About this task -
Could you restate the data word for word and drop the pictures?

━━ Entries provided

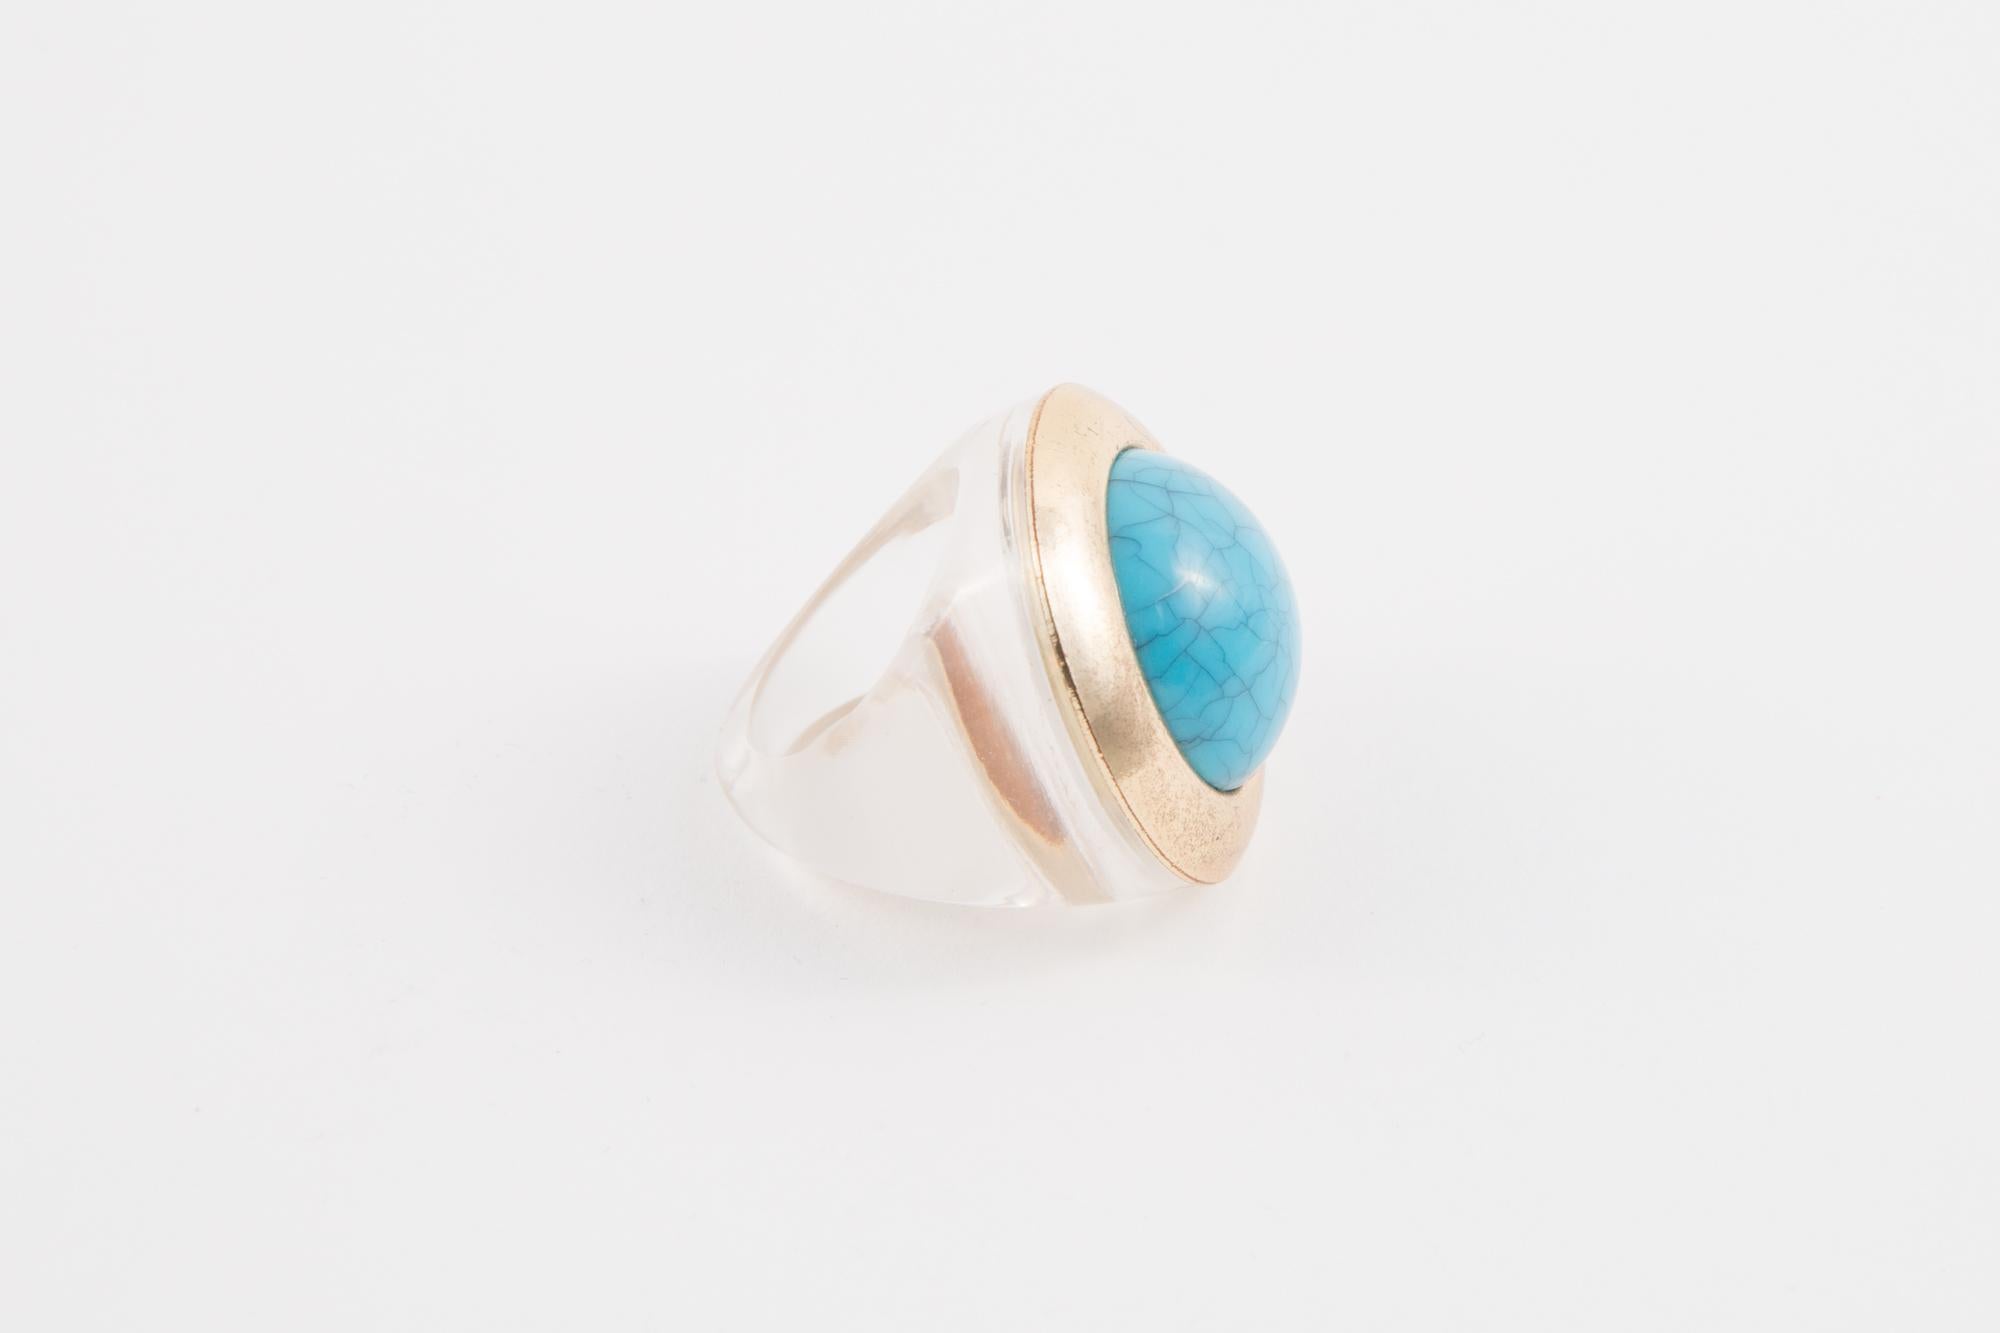 1970s Transparent resin ring featuring a turquoise cabochon and gold ring around. 
Finger diameter:0.8in. (2cm) 
Turquoise 1in (2.5cm) X 1in (2.5cm)
In good vintage condition  
We guarantee you will receive this gorgeous item as described and showed
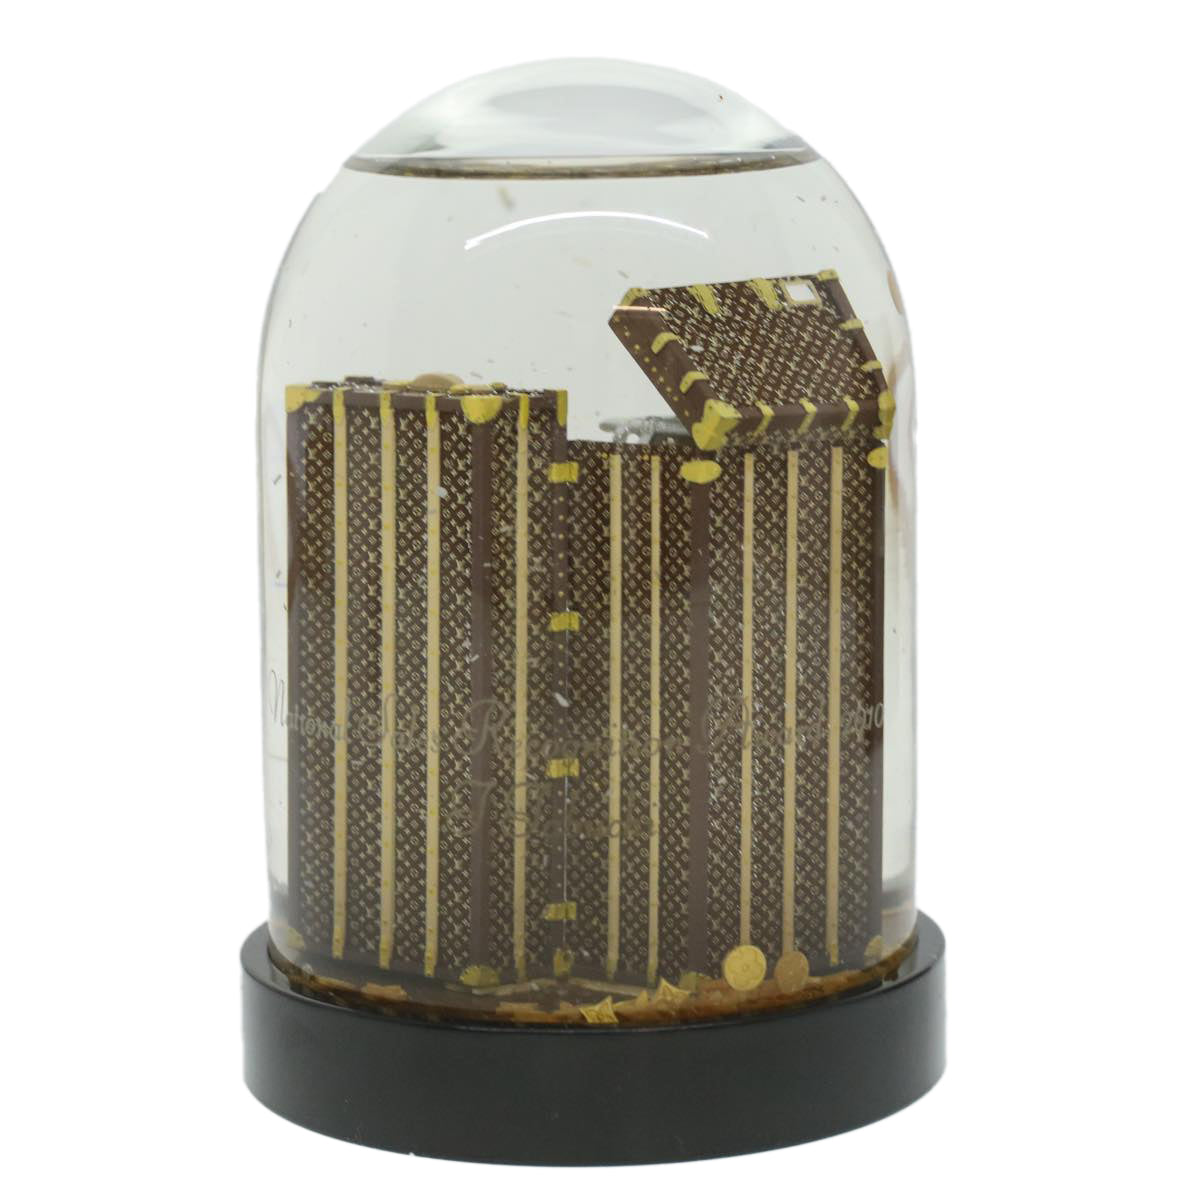 LOUIS VUITTON Wardrobe Trunk Snow Globe 2009 limited year Clear LV Auth 37516
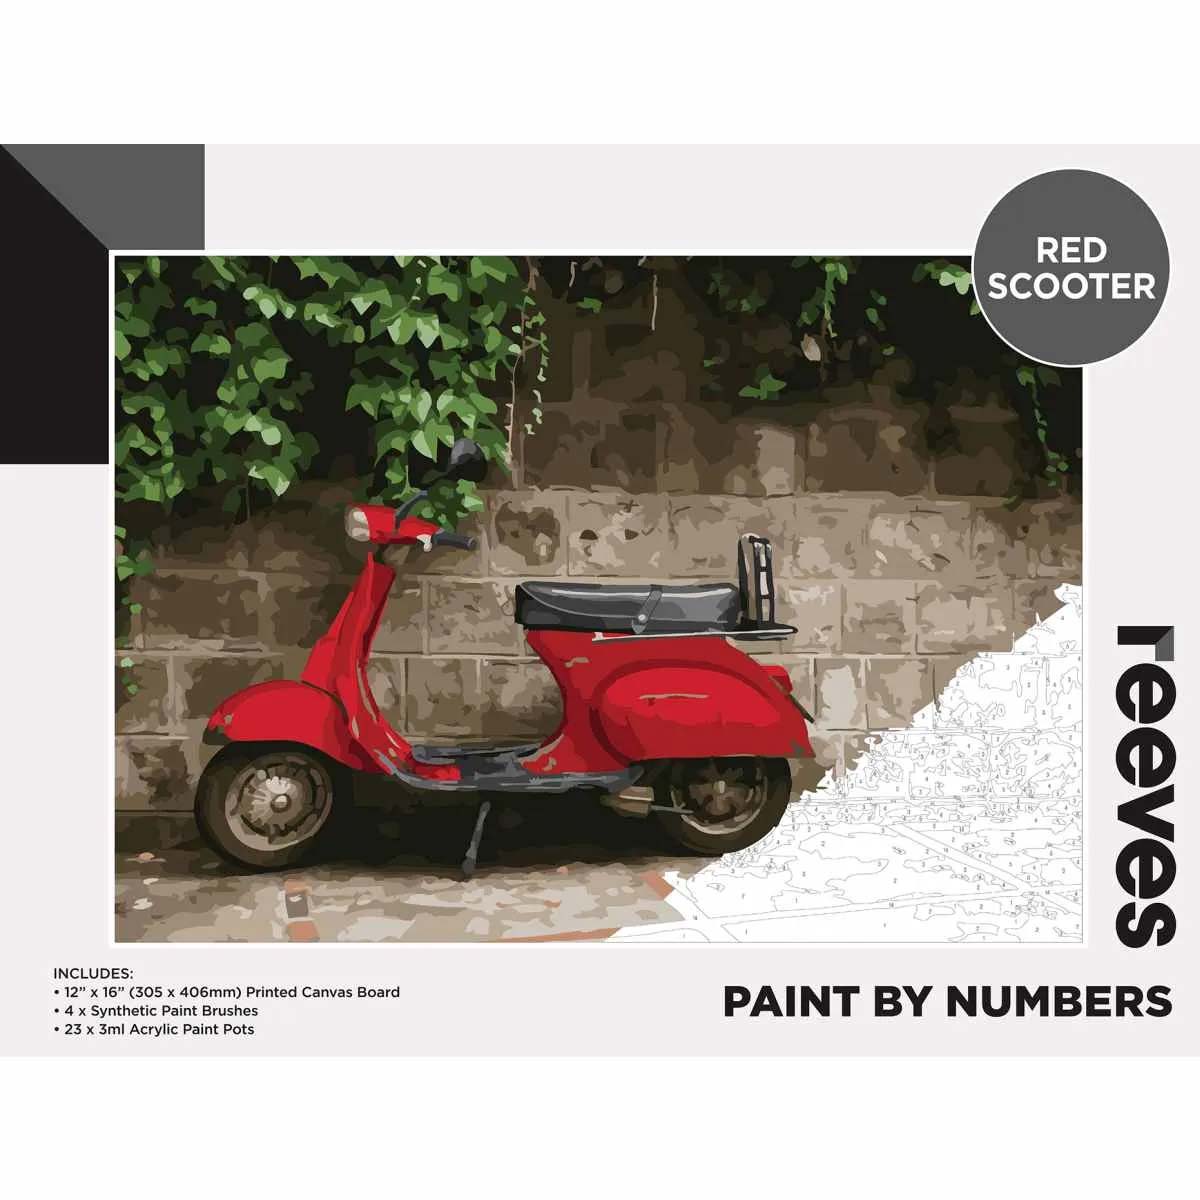 Reeves Paint in numeri grandi 12x16 pollici - scooter rosso
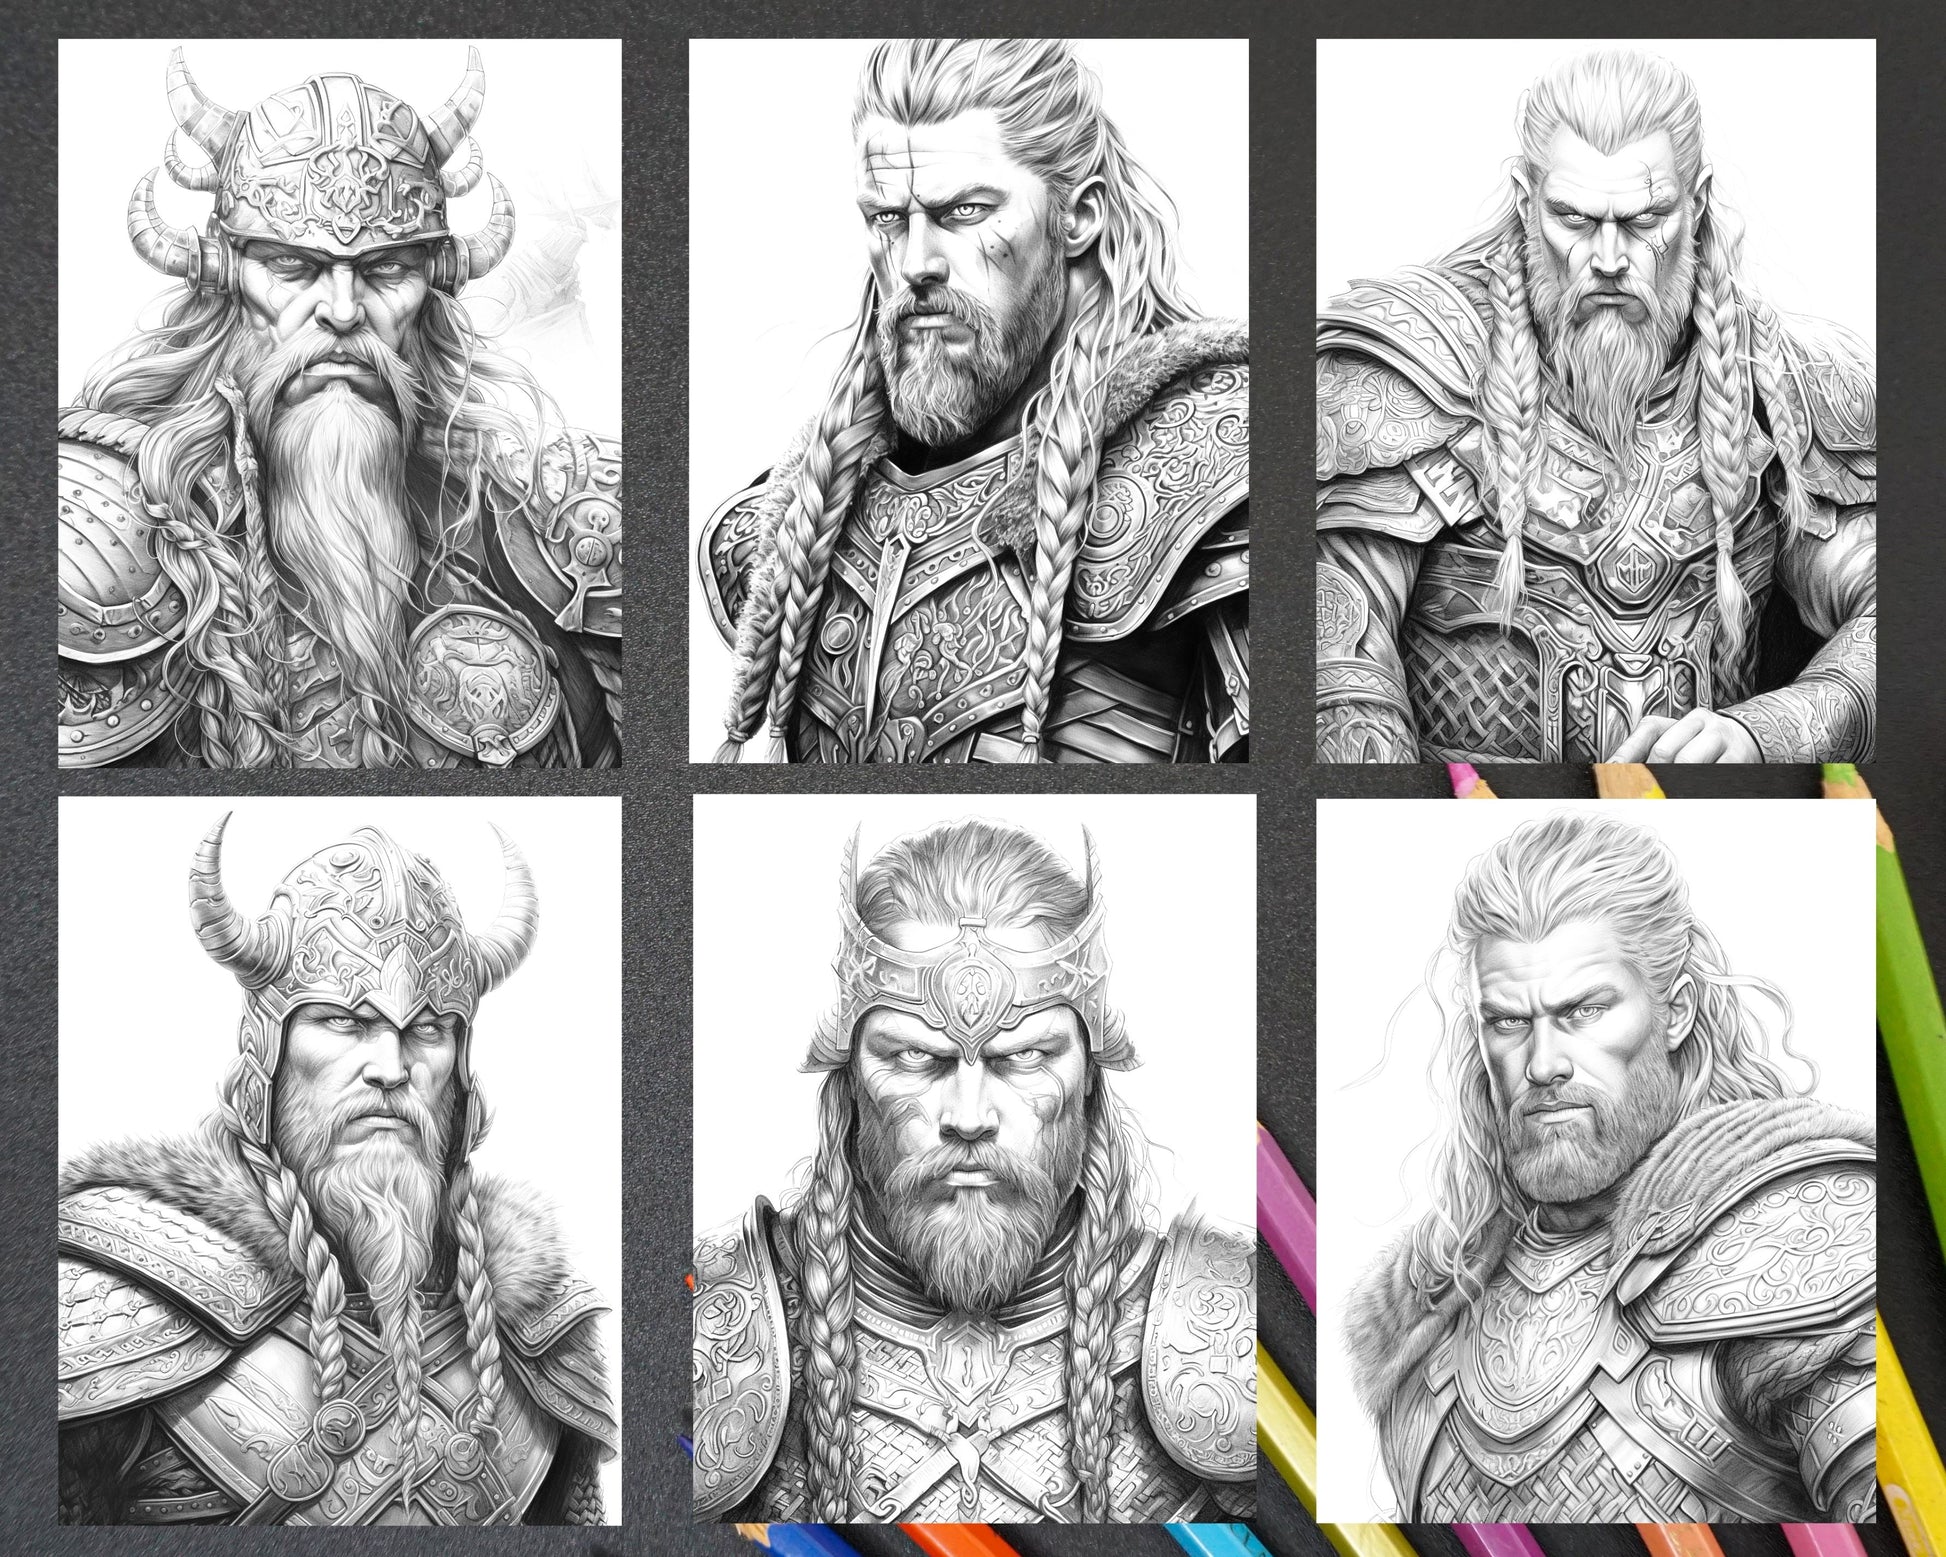 Viking warriors portrait grayscale coloring pages printable for adu â coloring

━━━━

Written reply -
 1970s Transparent resin ring featuring a turquoise cabochon and gold ring around. 
Finger diameter:0.8in. (2cm) 
Turquoise 1in (2.5cm) X 1in (2.5cm)
In good vintage condition  
We guarantee you will receive this gorgeous item as described and showed
 LOUIS VUITTON Wardrobe Trunk Snow Globe 2009 limited year Clear LV Auth 37516
 Reeves Paint in numeri grandi 12x16 pollici - scooter rosso
 Viking warriors portrait grayscale coloring pages printable for adu â coloring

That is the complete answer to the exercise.